“Our journey through grief – through the valley of the shadow of death – is slow, laborious footwork. We put one foot in front of the other, one step at a time. It is a process that cannot be sidestepped or hurried. The destination is God’s peace.”
I read this quote every morning when I’m making breakfast for the kids. It’s on a bulletin board above my desk, right next to a strip of photobooth pics of my brother and me. The pictures were taken at my wedding reception 6 years ago. Josh and I had been talking for a long time and I remember thinking that I should probably go and mingle with other guests (after all, I could talk to my brother any day)…but I didn’t want to leave because it felt like one of those special moments–one that I would always remember.

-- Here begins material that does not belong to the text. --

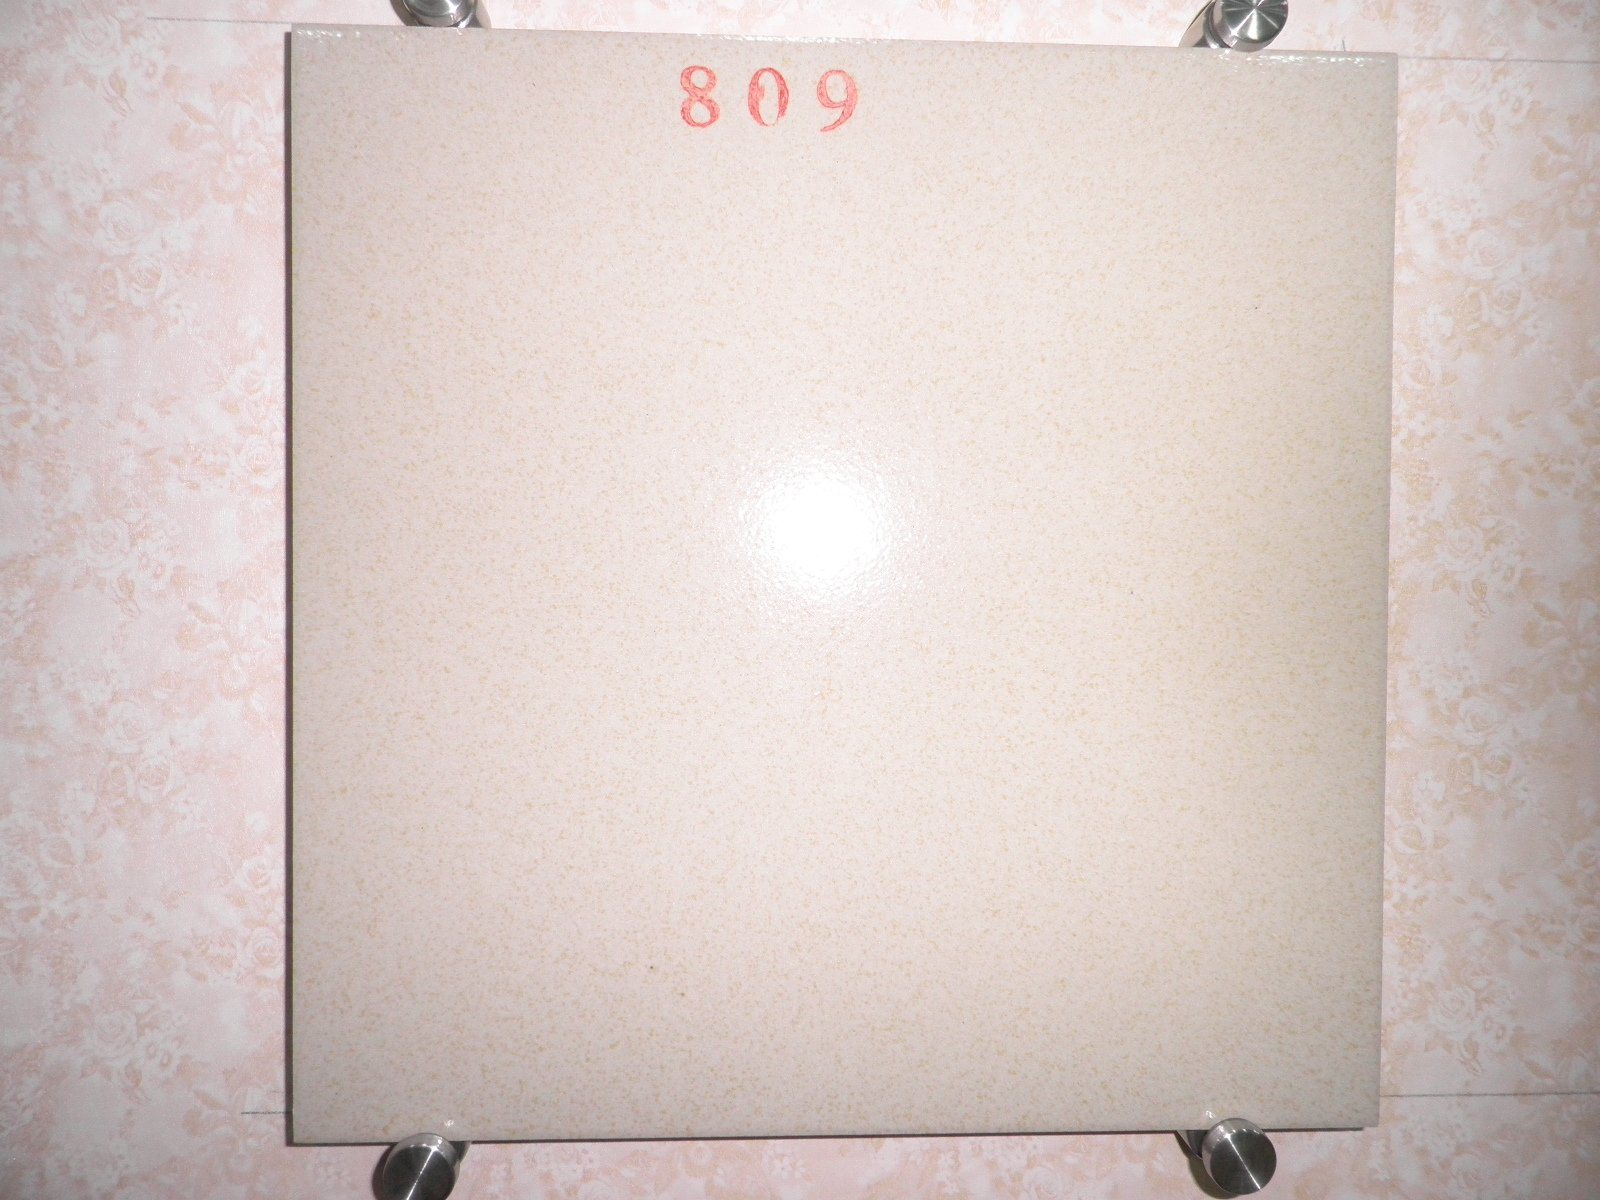 300X300mm Fullbody Ceramic Salt&Pepper Sandstone Floor Tile

Some days I’m so mad. I admit it, I’m angry with God a lot. Almost 8 months after losing Josh, I still can’t figure out why it happened. Why him? Why then? He was a father, a husband, a son, a brother. Why take him? I’m desperate for answers…explanations…understanding.

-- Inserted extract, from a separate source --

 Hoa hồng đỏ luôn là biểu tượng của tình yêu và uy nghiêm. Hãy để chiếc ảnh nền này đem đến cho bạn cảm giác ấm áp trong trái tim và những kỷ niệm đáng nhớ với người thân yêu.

Some days I’m just plain sad. Even the happiest times–birthdays, holidays, celebrations–have a tinge of sorrow that I fear is always going to be there. Then there are the ambushes. In a grief support group that my mom and I attended, that’s how they referred to the moments of sadness that you don’t see coming. Passing a guy at the gym who had Josh’s eyes…the ice breaker question at my mom’s group, “do you have a brother?”…or typing an email to my family and seeing his name pop up in the box as a suggestion. Those kinds of moments take my breath away and make my heart ache in a way that I didn’t used to know was possible.
But thankfully I don’t have to do this alone. I have to be reminded of it every single day, but once I stop and hand my sorrow and my fears over to God, He sees me through it and pulls me out of my dark place. He reminds me that this life is only temporary…and someday I’ll be with Him and my entire family for eternity. So until then, I’m going to seek joy in the life I’ve been given…and keep putting one foot in front of the other. That’s what Josh would want.